Paul
Goble
Staunton, November 21 – Analysts and
commentators have pointed to a variety of factors that they suggest are behind
the growth of terrorism in the world in recent decades, but a KPRF Duma deputy
has identified one few have talked much about. Sergey Gavrilov says that
“terrorism is the result of the destruction of the Soviet Union.”
But this is not an indirect tip of
the hat to Samuel Huntington’s ideas about “the clash of civilizations” but
rather an adumbration of a world many in Moscow and some in the West would like
restored: a world of blocs in which the leader of each would have a vested
interest in maintaining stability in its clients, regardless of how
authoritarian such regimes might be.
Such a world might again purchase a
temporary stability as it did in parts of the world during the Cold War, but it
would do so only at the cost of depriving millions of the possibility of
freedom and of creating the seedbeds of terrorism that such brittle
authoritarian regimes would inevitably once again become.

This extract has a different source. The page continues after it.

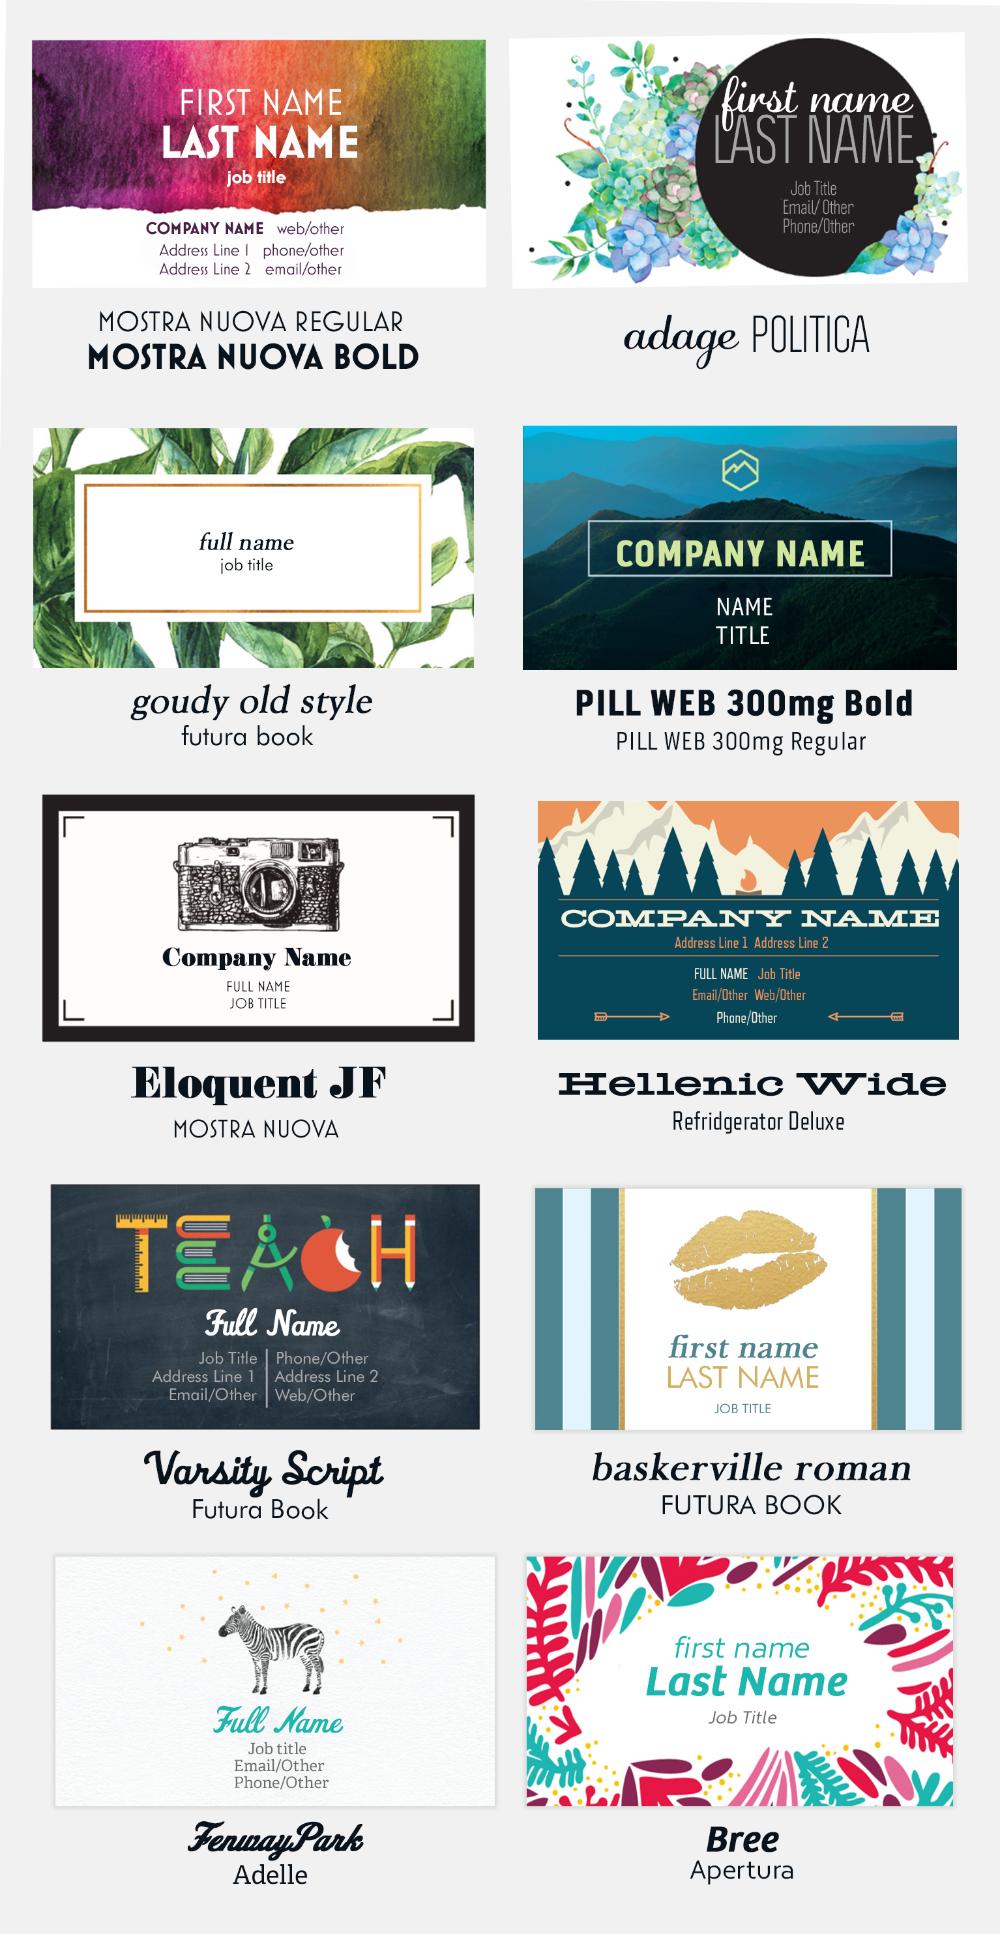 vistaprint  vistaprint business cards unique business
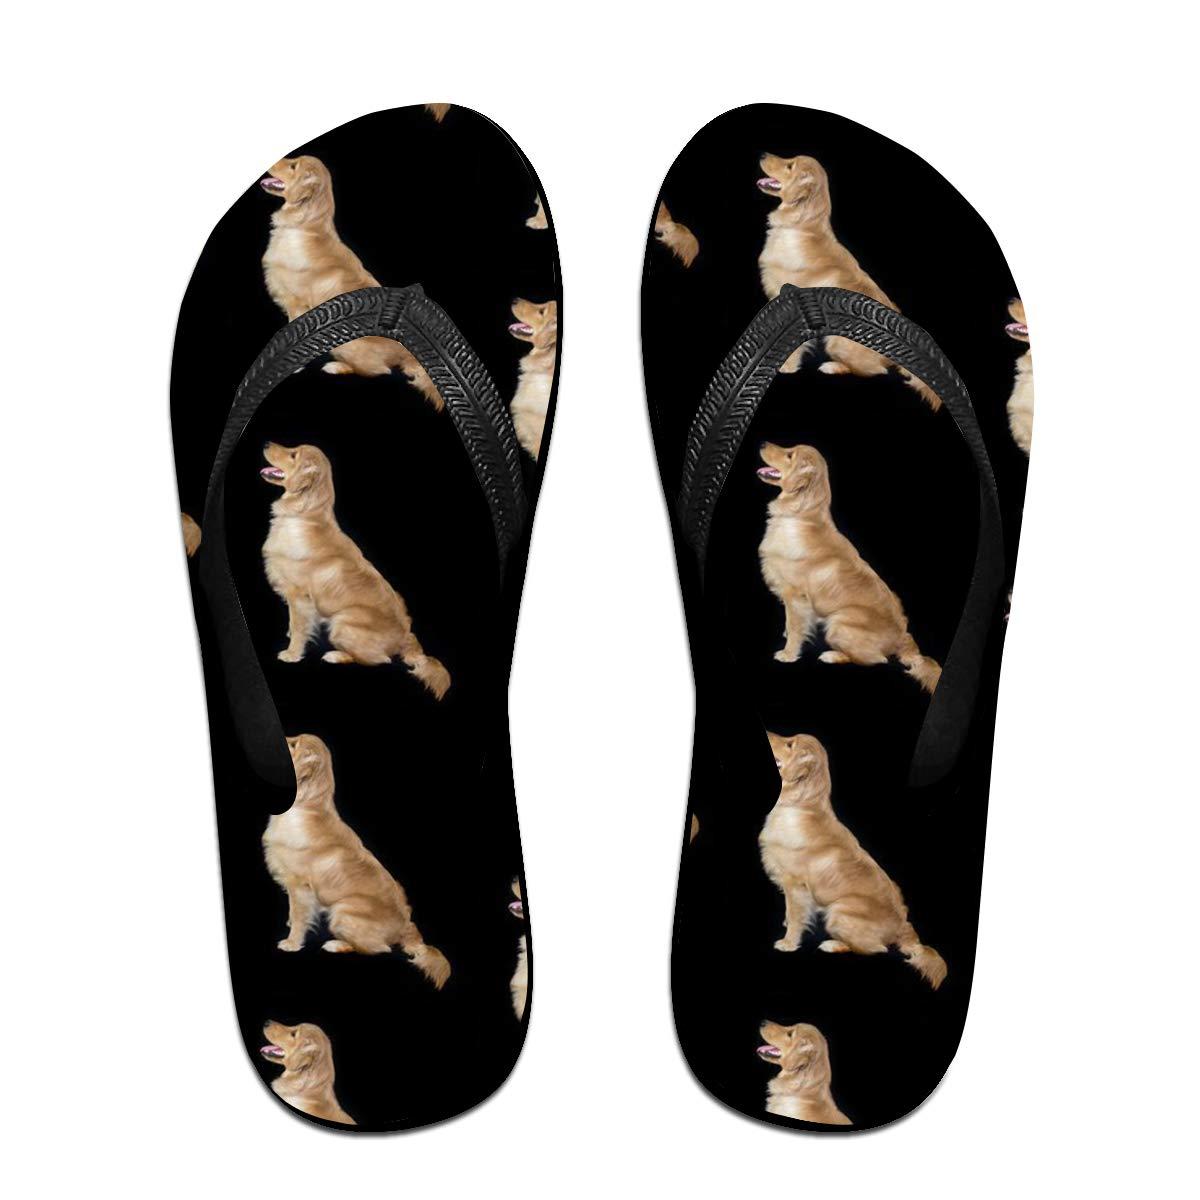 Golden Retriever Mens and Womens Light Weight Shock Proof Summer Beach Slippers Flip Flops Sandals

The coordinator of the Duma
deputies’ group for defense of Christian values tells the Russian nationalist
portal, “Russkaya liniya,” that “the USSR contained all these trends and
guaranteed peace in the Middle East.” Its demise created “a vacuum” terrorists
have filled
Such groups, and ISIS is only one of
them, and the weak authoritarian regimes in which they have emerged, including
Syria and Iraq, Gavrilov continues, are “the products of American colonial
policy which destroys states, undermines traditional values, violates human
rights, and supports terrorists.”
Citing a recent declaration by the
presidium of the KPRF Central Committee, the Duma deputy says that “for the
destruction of the world terrorist threat, one must recognize that an
international anti-terrorist coalition is necessary but it is not a panacea.”
Other steps are needed as well, he argues.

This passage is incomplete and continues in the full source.